_Task_.
The data below contains pictures, which are to be skipped; the lines starting at the line with "Parallels Mounter viene" and ending at the line with "Логотип ЖК Авиатор" are to be output exactly, both ends included.

START Information provided

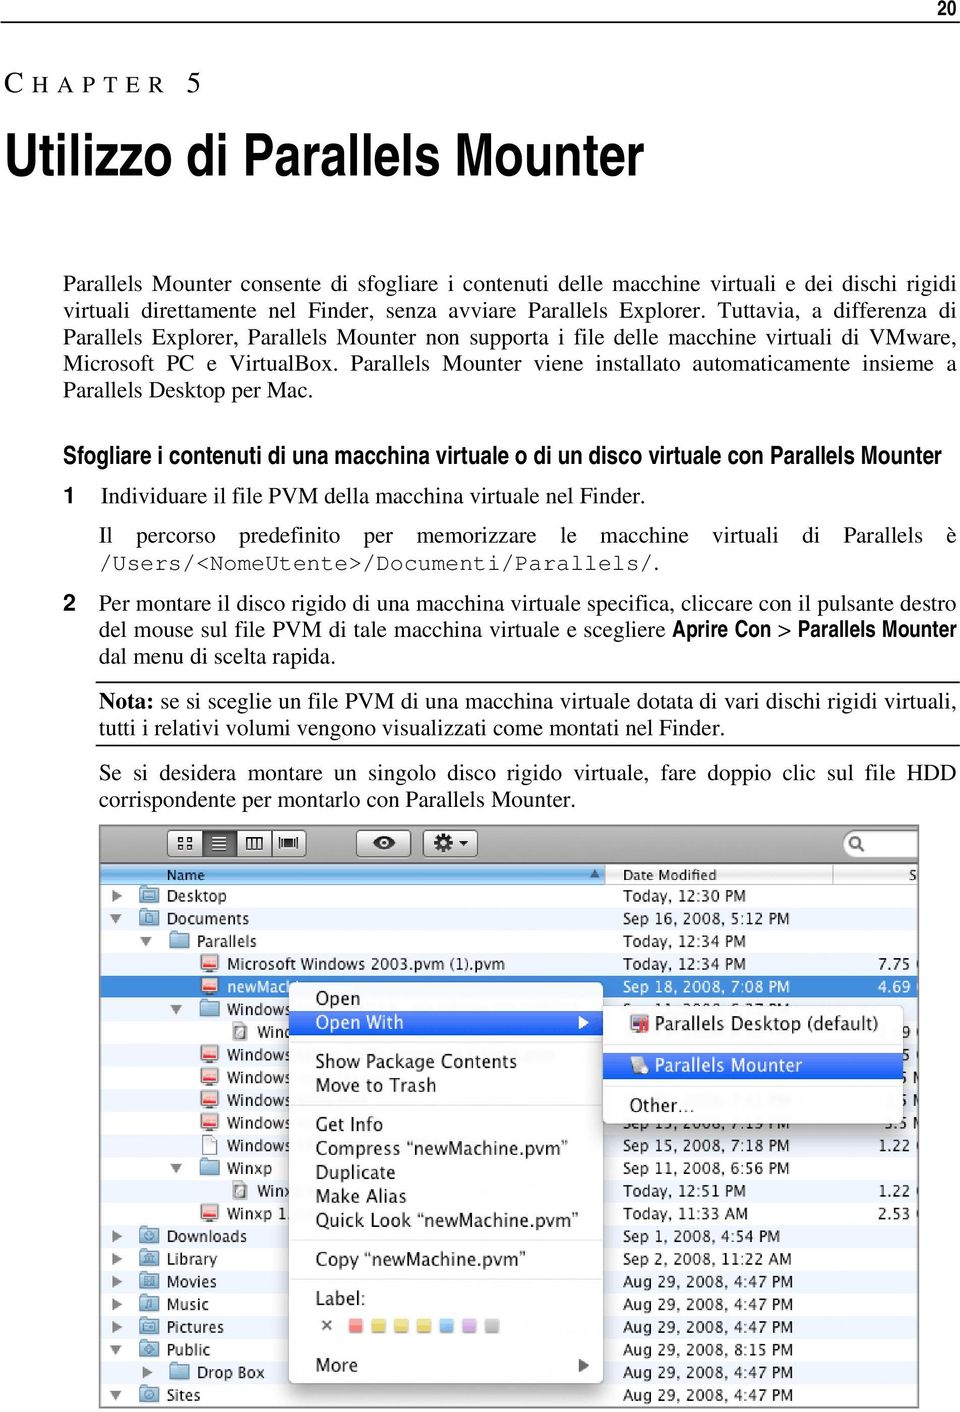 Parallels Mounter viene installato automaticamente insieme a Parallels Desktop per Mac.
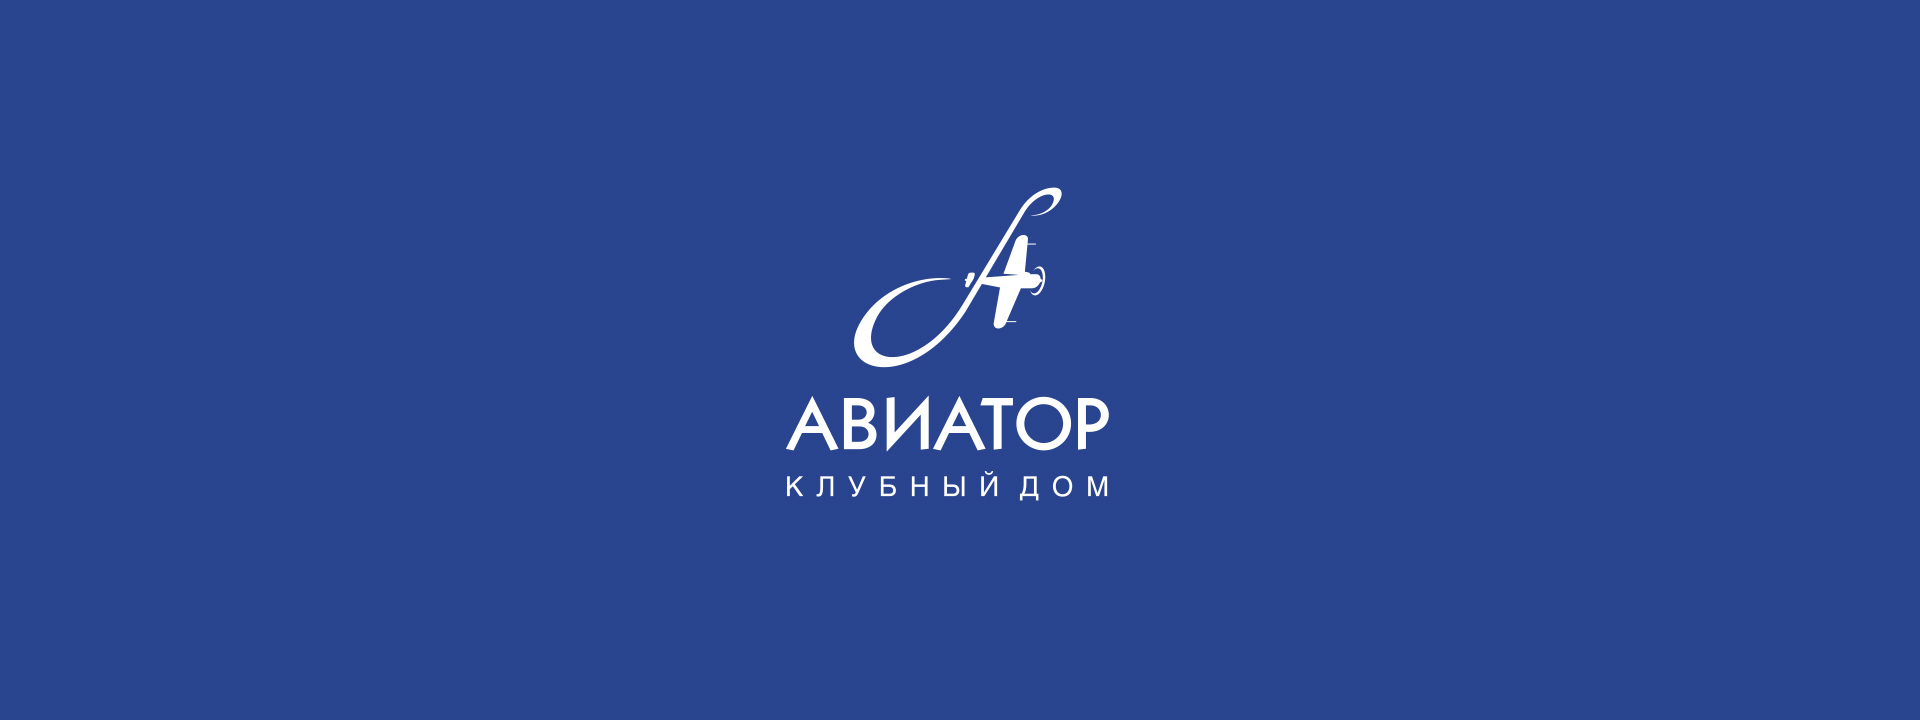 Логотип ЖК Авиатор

END Information provided
START Information provided

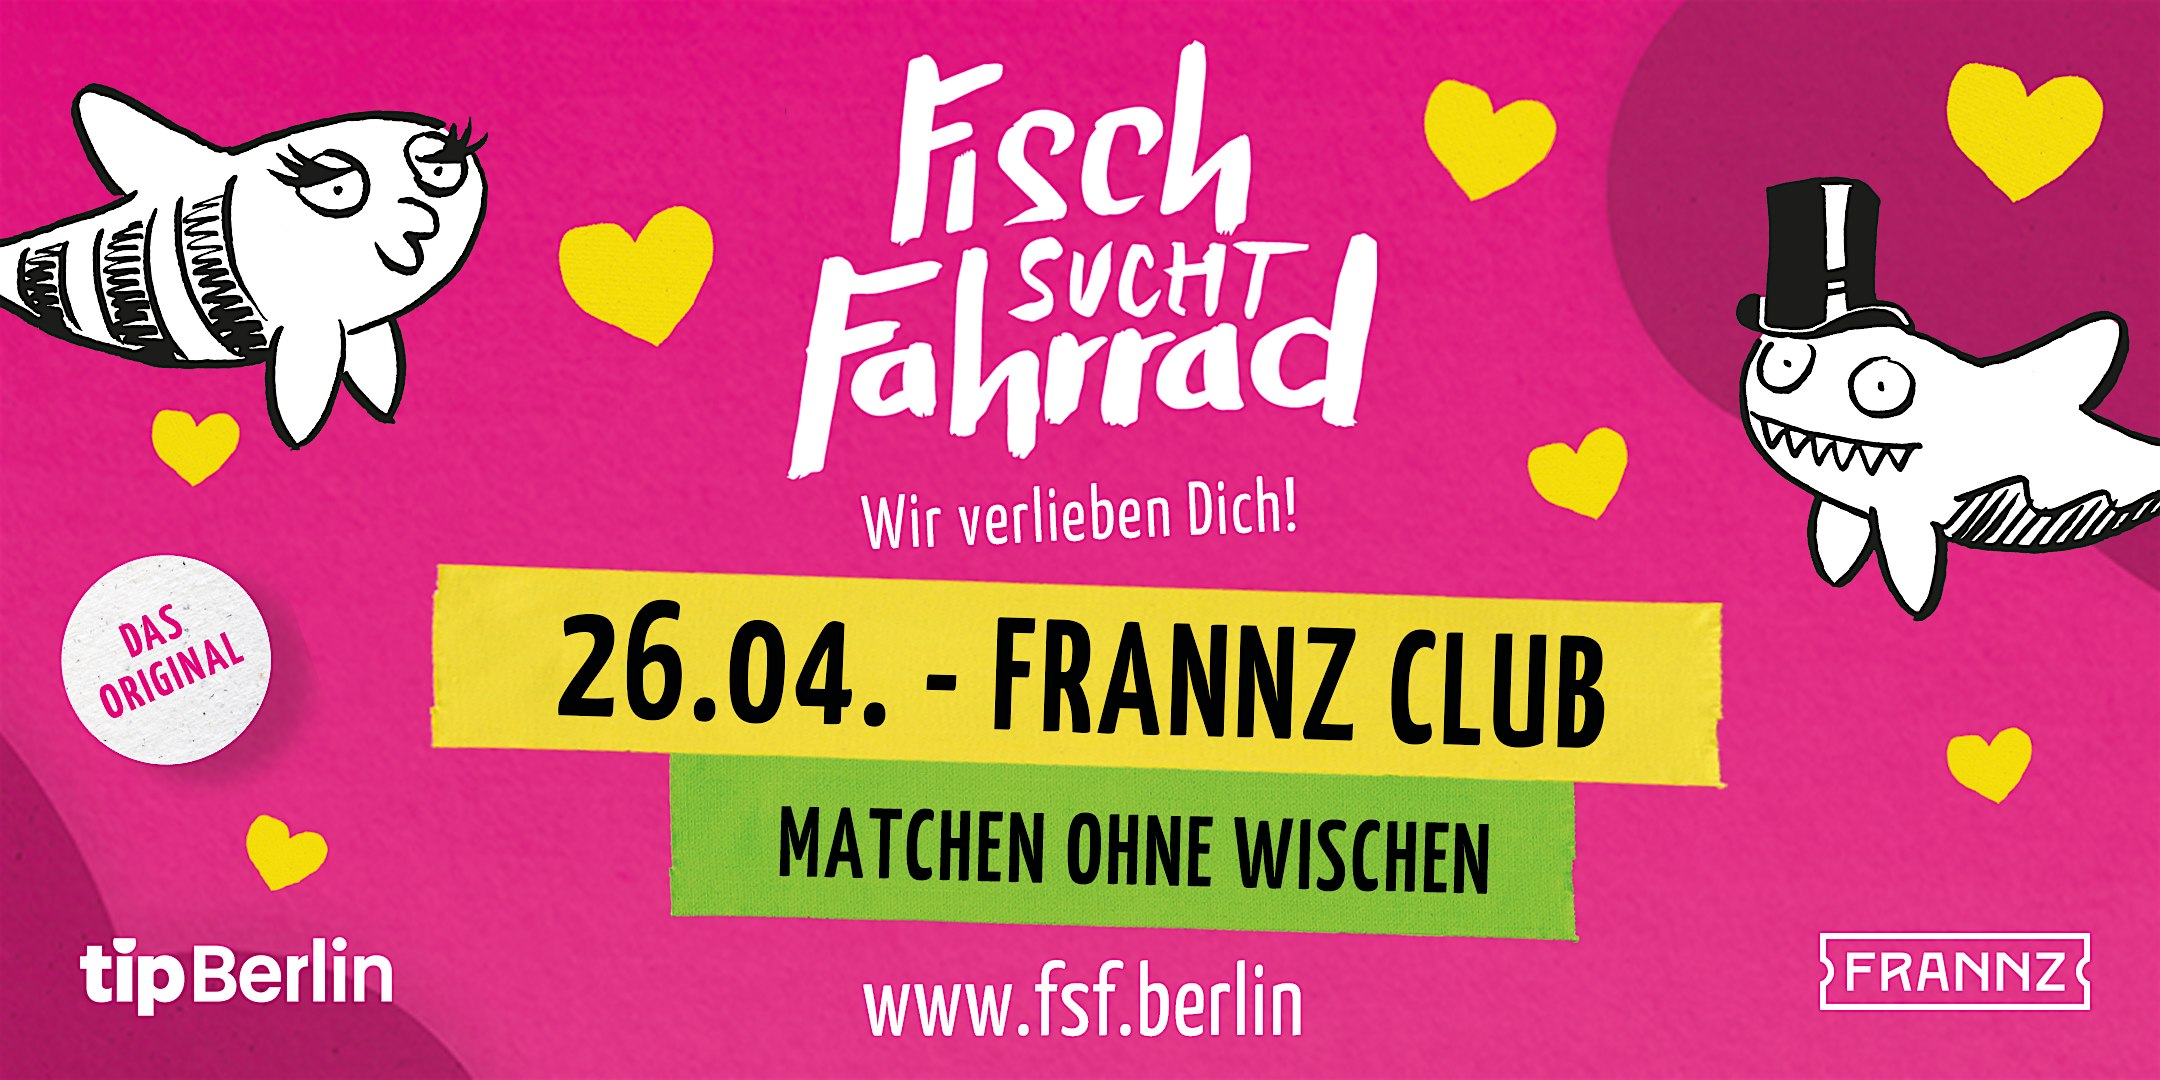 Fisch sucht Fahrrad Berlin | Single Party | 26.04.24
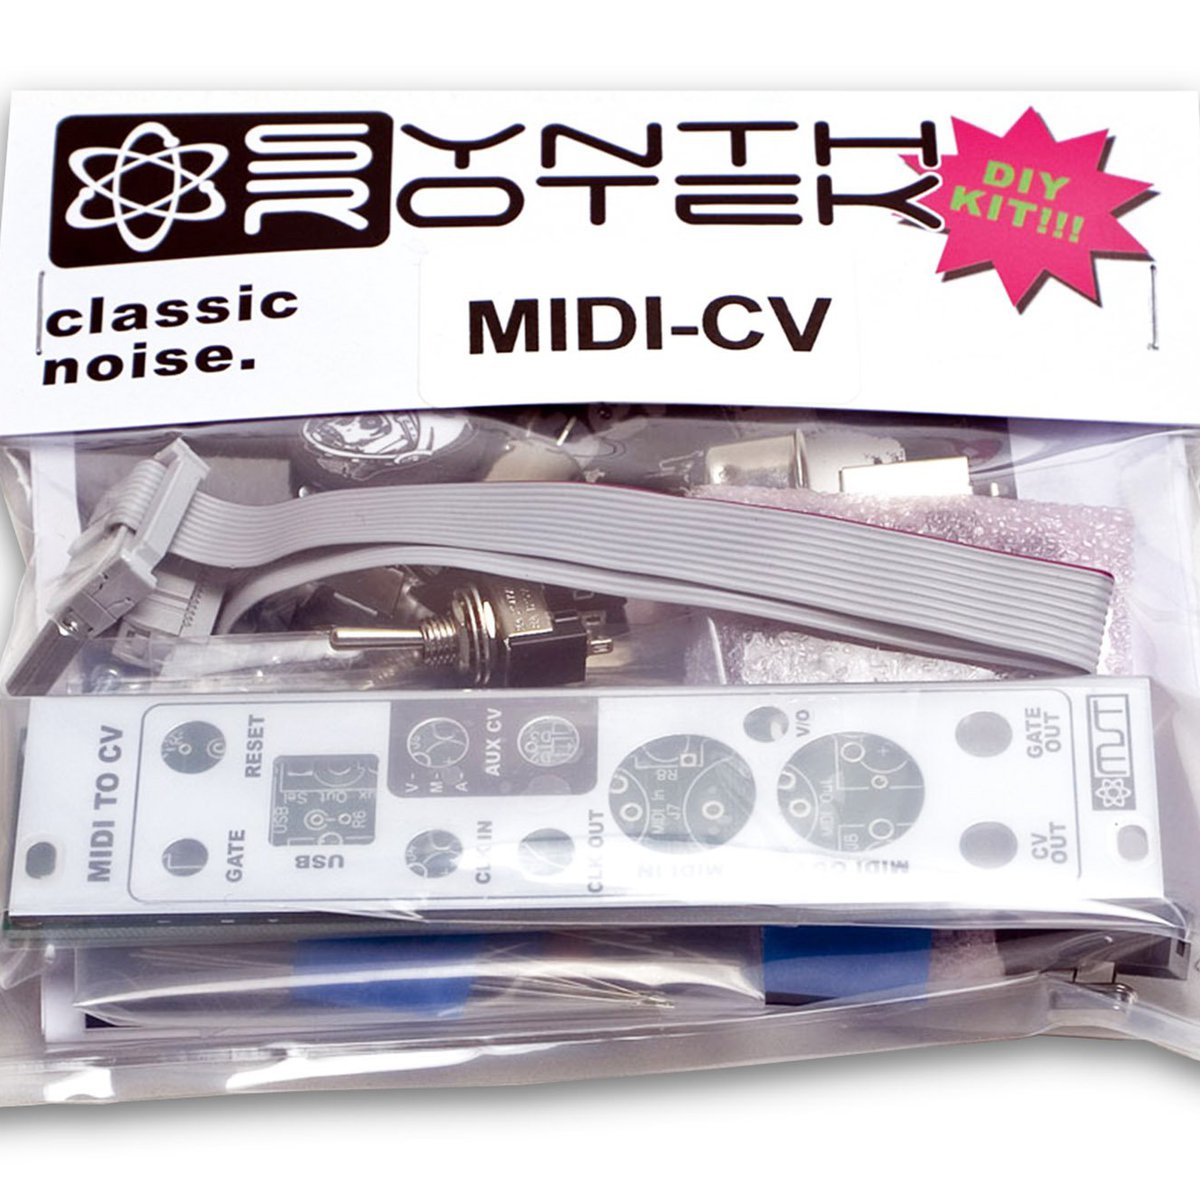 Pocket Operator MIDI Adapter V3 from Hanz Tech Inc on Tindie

END Information provided
START Information provided

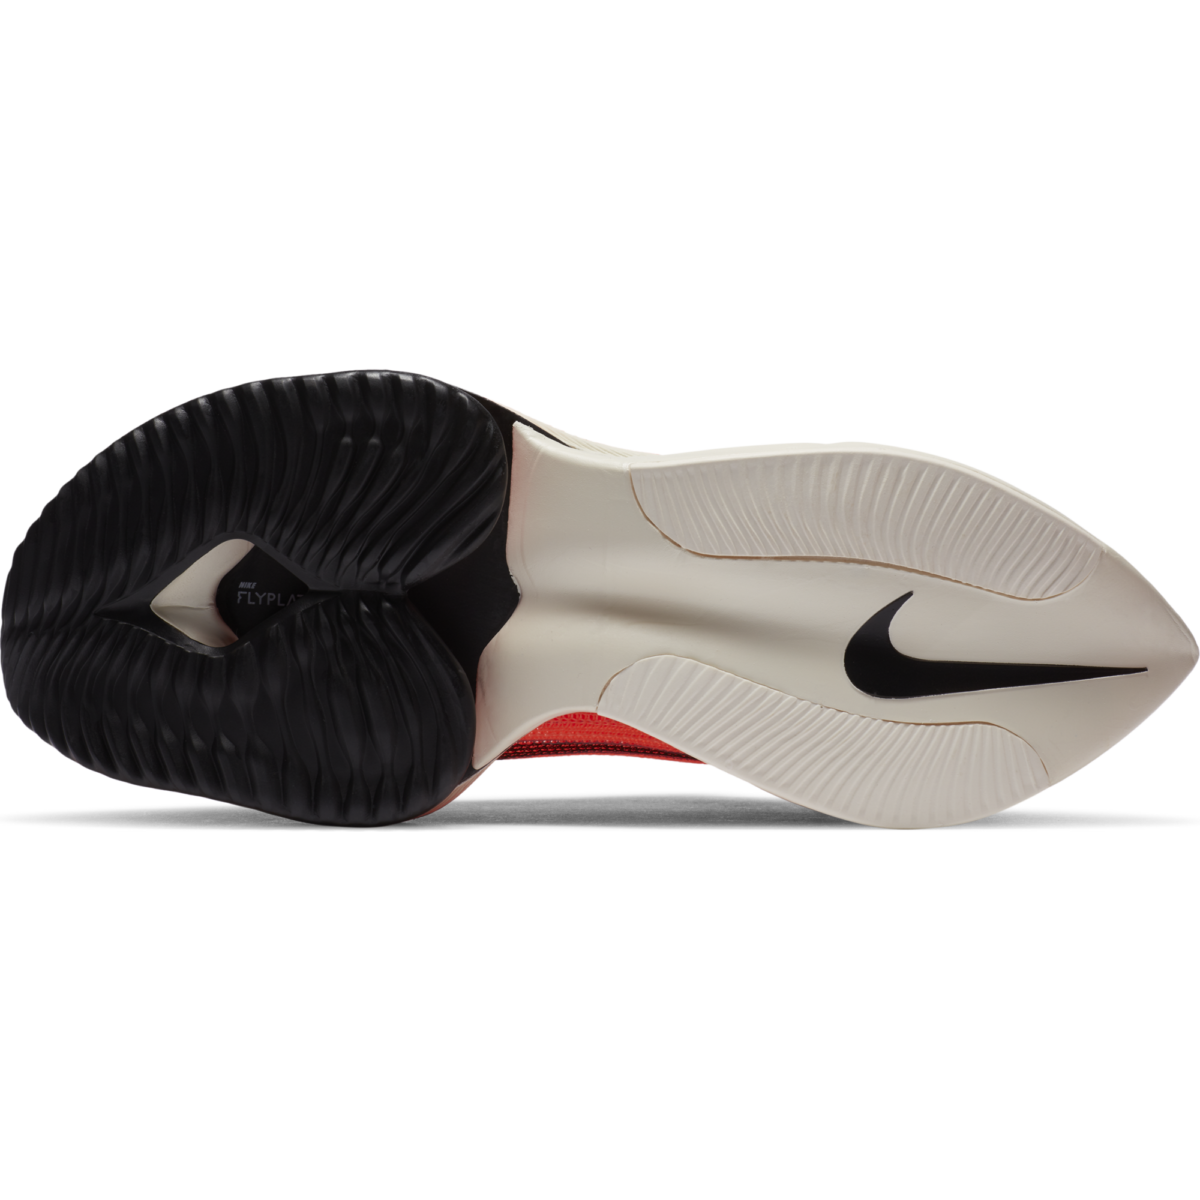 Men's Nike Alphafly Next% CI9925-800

END Information provided

_Response_.
 Parallels Mounter viene installato automaticamente insieme a Parallels Desktop per Mac.
 Логотип ЖК Авиатор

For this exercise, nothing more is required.